Chapter 15: Quiz Review
Excess reserves are equal to
actual reserves minus required reserves.
The major claims on a commercial bank's balance sheet are
checkable deposits.
In a fractional reserve system, deposit insurance
guarantees that depositors will always get their money, avoiding bank runs.
If you deposit a $50 bill in a commercial bank that has a 10 percent legal reserve requirement, the bank will:
have $45 of additional excess reserves.
A bank that has assets of $85 billion and a net worth of $10 billion must have:
liabilities of $75 billion.
Suppose that Third National Bank has reserves of $20,000 and checkable deposits of $200,000. The reserve ratio is 10 percent. The bank sells $10,000 in securities to the Federal Reserve Bank in its district, receiving a $10,000 increase in reserves in return. What level of excess reserves does the bank now have?

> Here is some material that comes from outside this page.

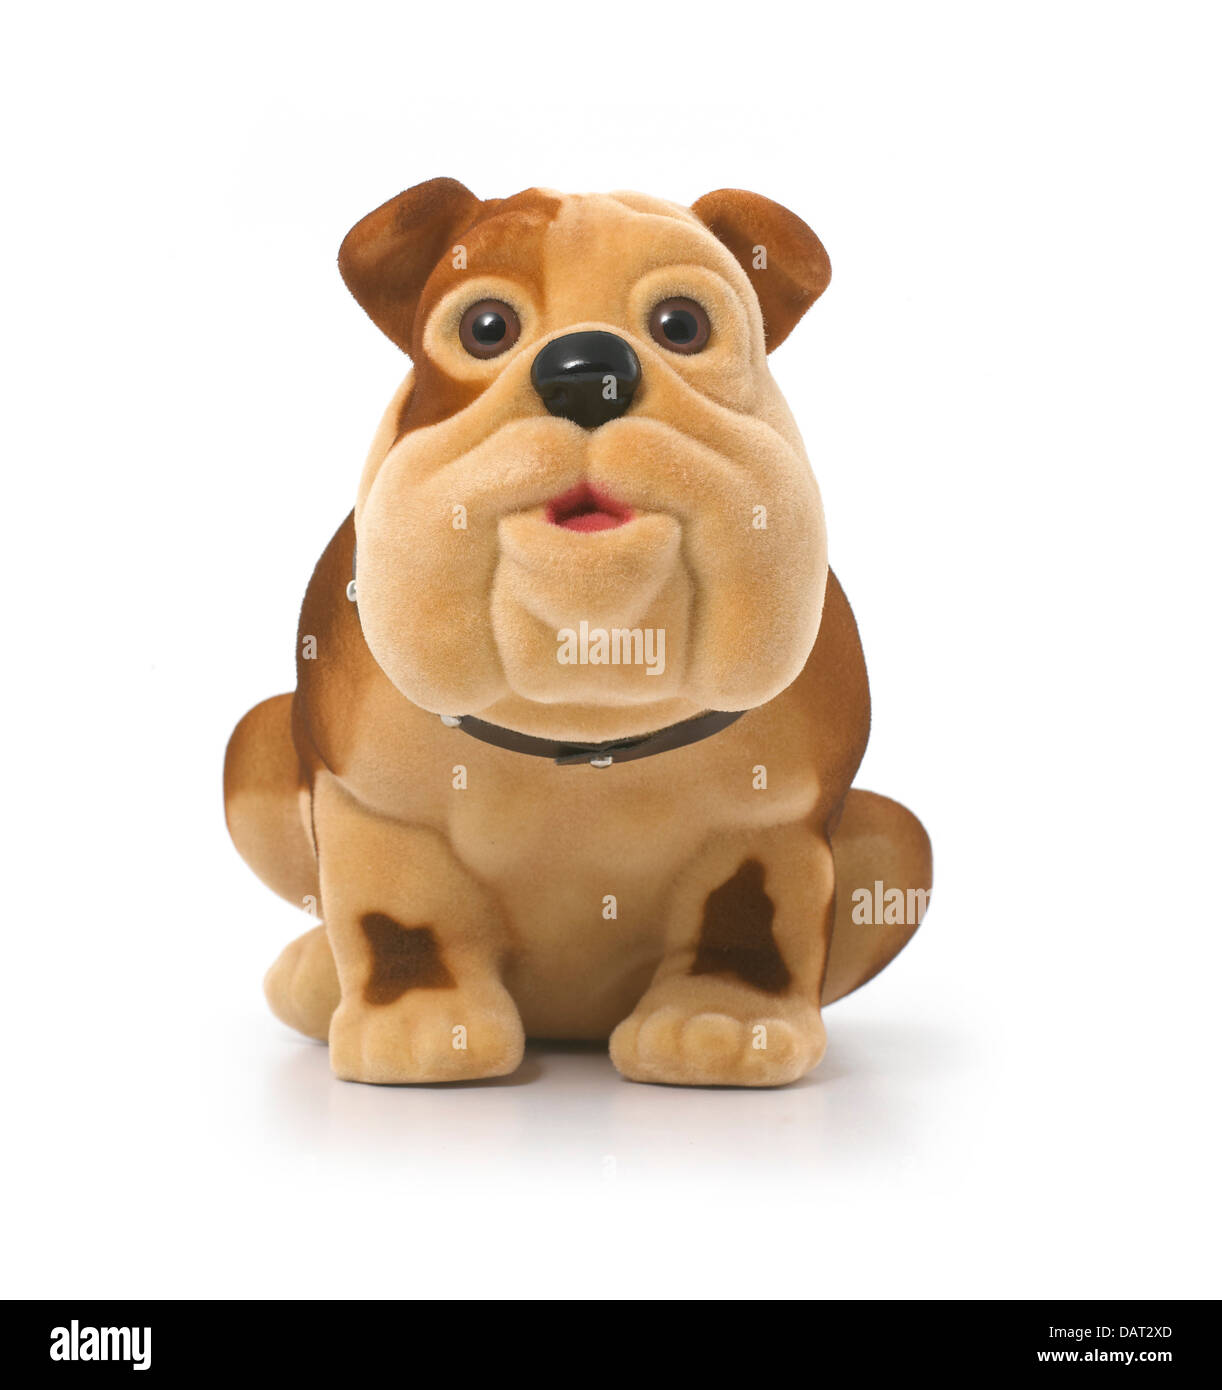 toy dog cut out onto a white background Stock Photo
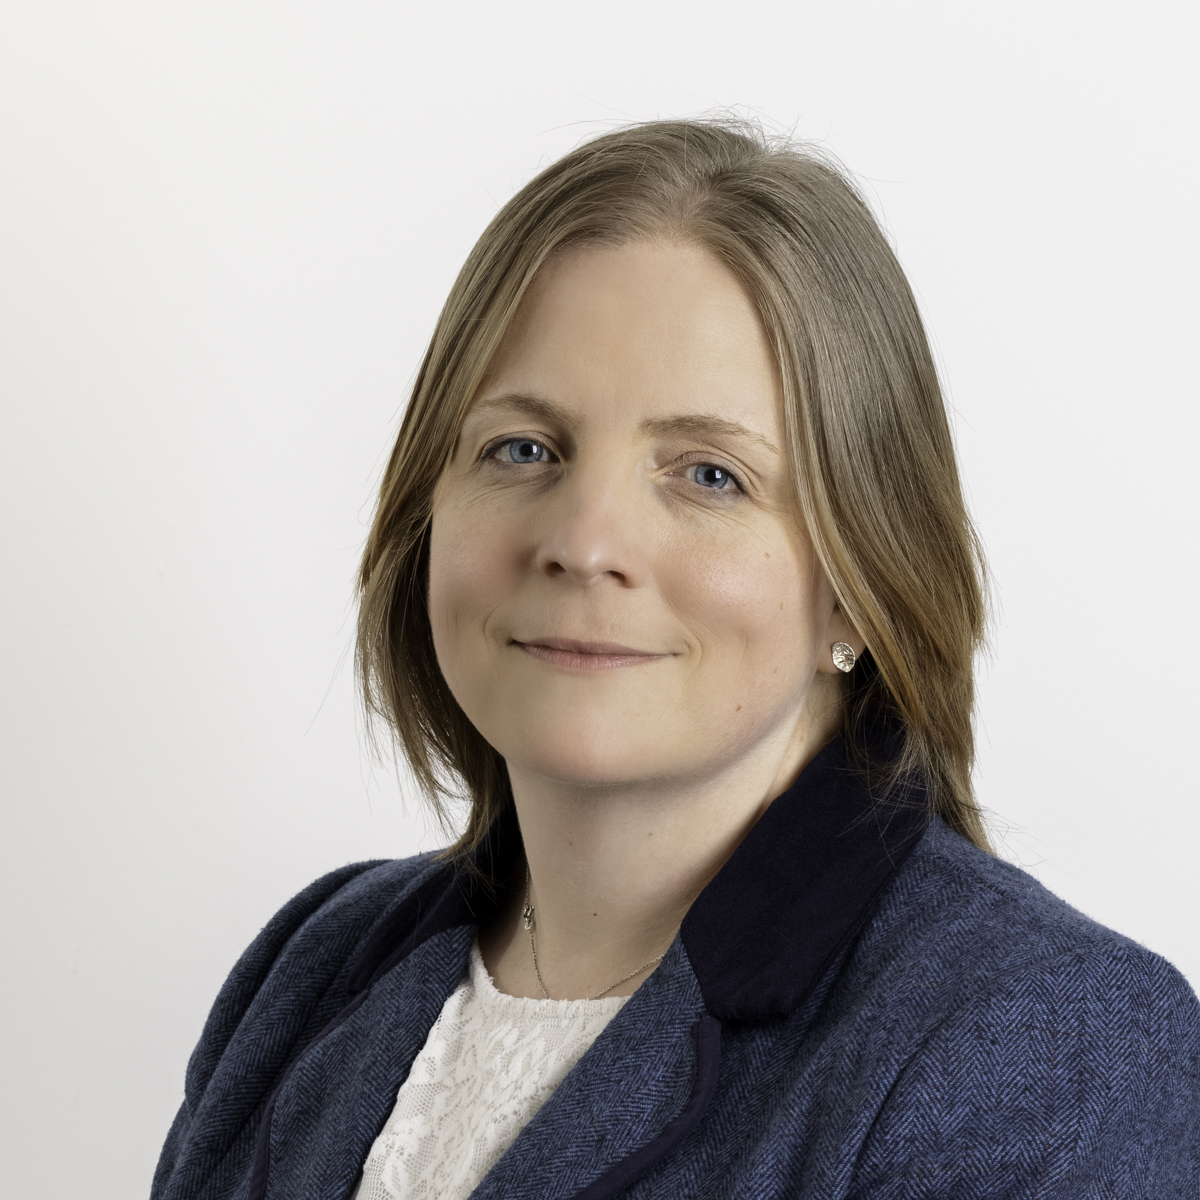 Saffery Champness appoints Margi Campbell as partner in Inverness office

$10,000 Calculate checkable deposits: (200,000 + 0 = 200,000) *(Liabilities didn't change) Calculate Required Reserves: (.10 x 200,000 = 20,000) Calculate Actual Reserves: (20,000 + 10,000 = 30,000) Calculate Excess Reserves: AR - RR = ER 30,000 - 20,000 = 10,000
A commercial bank has $100 million in checkable-deposit liabilities and $12 million in actual reserves. The required reserve ratio is 10 percent. How big are the bank's excess reserves?
$2 million
Suppose that the Fed has set the reserve ratio at 10 percent and that banks collectively have $2 billion in excess reserves. What is the maximum amount of new checkable-deposit money that can be created by the banking system?
$20 billion
Suppose that Serendipity Bank has excess reserves of $8,000 and checkable deposits of $150,000. If the reserve ratio is 20 percent, what is the size of the bank's actual reserves?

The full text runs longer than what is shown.